All scripts use inline dependency declarations (auto-installed via uv run):

Package Version Used By
weaviate-client >=4.19.2 All scripts
weaviate-agents >=1.2.0 ask.py, query_search.py
typer >=0.21.0 All scripts

Weaviate Cookbooks

Weaviate cookbooks are implementation guides for building full-stack AI applications with Weaviate. All cookbooks are in the skills/weaviate-cookbooks/ skill. For full details and best practices, see the linked references.
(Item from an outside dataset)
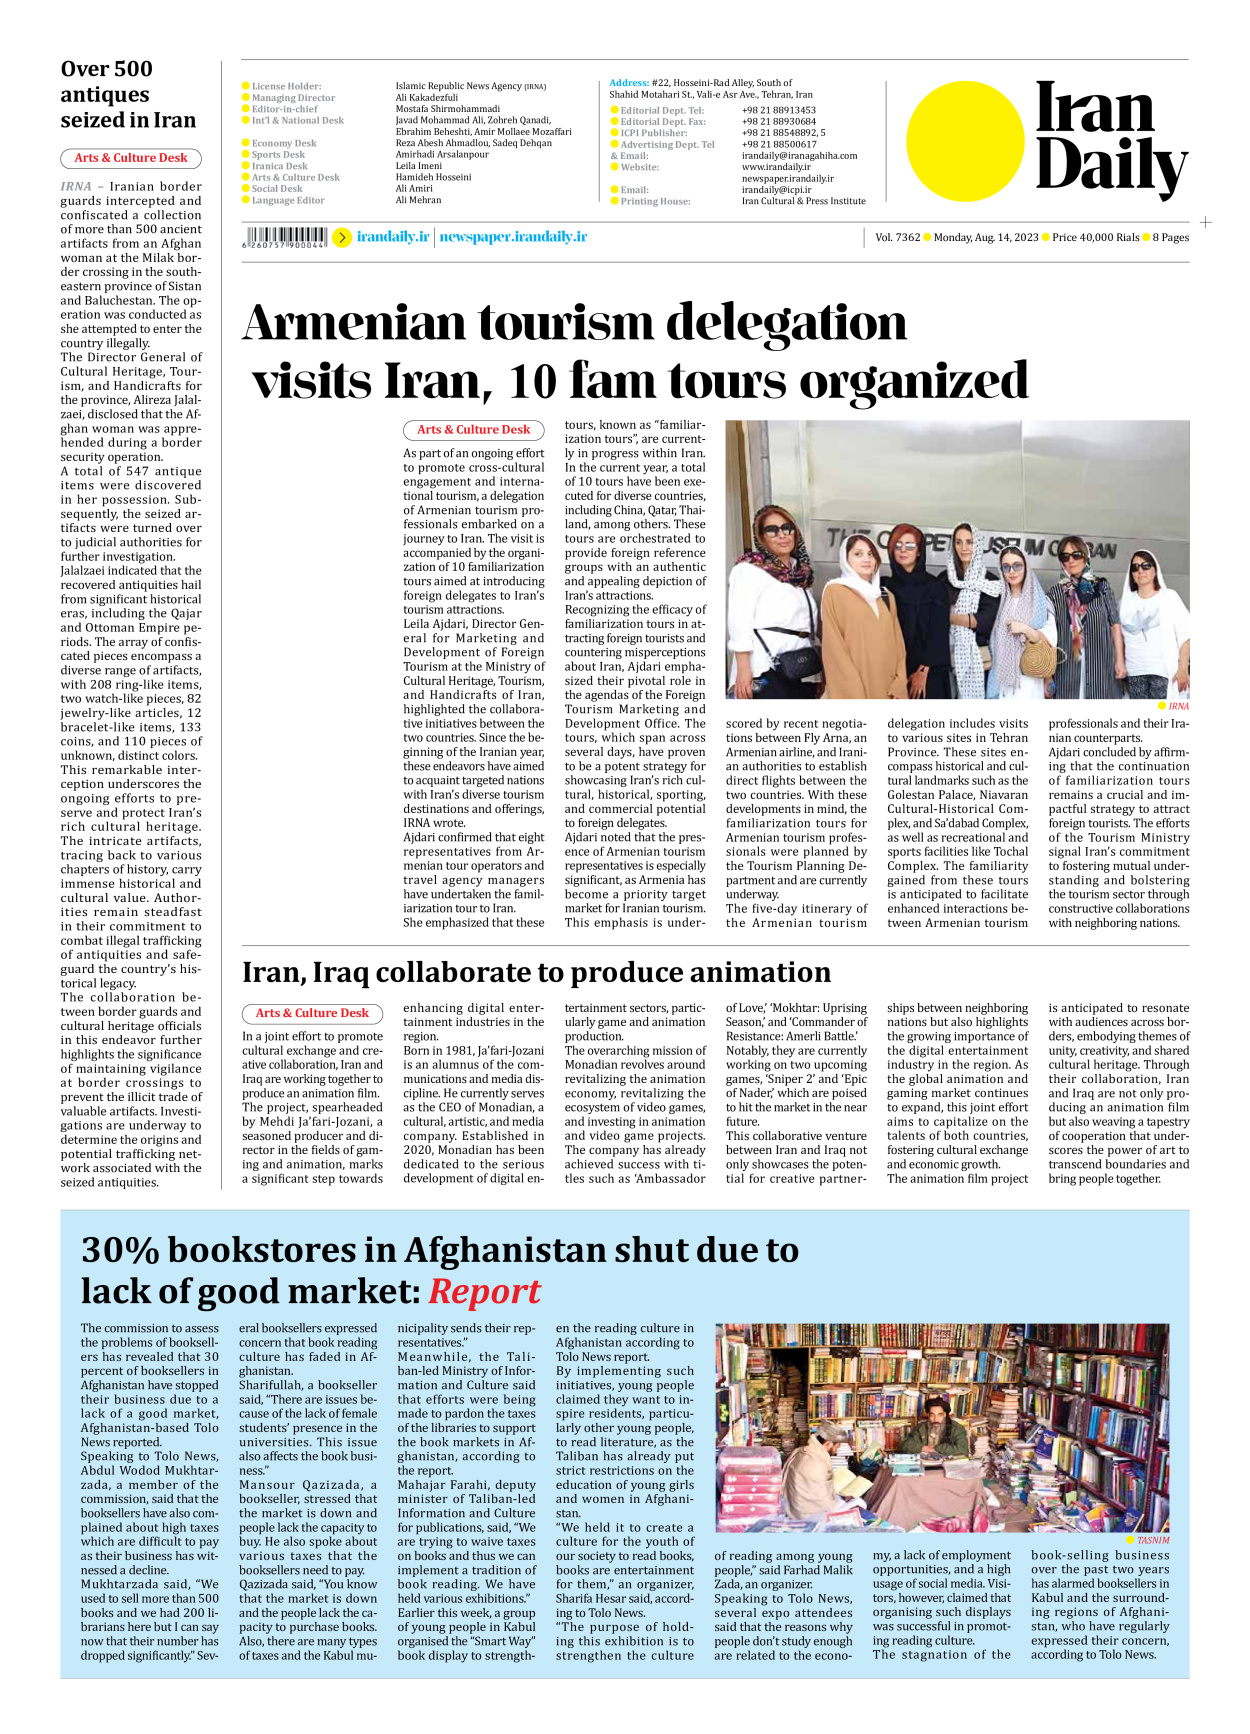 Iran Daily - Number Seven Thousand Three Hundred and Sixty Two - 14 August 2023 - Page 8

  • Query Agent Chatbot: Build a full-stack chatbot using Weaviate Query Agent with streaming and chat history support.
  • Data Explorer: Build a full-stack data explorer app with sorting, keyword search, and tabular data view.
  • Basic RAG: Implement basic retrieval and generation with Weaviate — covers vector, keyword, hybrid, and image search.
  • Advanced RAG: Extend basic RAG with query rewriting, decomposition, LLM-created filters, and re-ranking.
  • Multimodal RAG (PDF): Build a multimodal RAG system for PDF documents using Weaviate Embeddings (ModernVBERT/colmodernvbert) and Ollama with Qwen3-VL for generation.
  • Basic Agent: Build tool-calling AI agents with structured outputs using DSPy.
  • Agentic RAG: Build RAG-powered AI agents combining retrieval with agent logic — covers naive RAG tools, hierarchical RAG, vector DB memory, and Weaviate Query Agent.

Optional Frontend Guide

  • Frontend Interface: Build a Next.js frontend (App Router, Tailwind v4, shadcn/ui) to interact with Weaviate backends.

Contributing

For full guidelines, see CONTRIBUTING.md.

Adding a Reference

  1. Create a new .md file in skills/<skill-name>/references/.
  2. Include usage, parameters, examples, and prerequisites.
  3. Link the new reference from the skill's SKILL.md.

Creating a New Skill

  1. Create directory: mkdir -p skills/my-skill/references
  2. Add a SKILL.md with YAML frontmatter (name, description) and reference links.
  3. Add reference markdown files in references/.

Skills follow the Agent Skills Open Standard.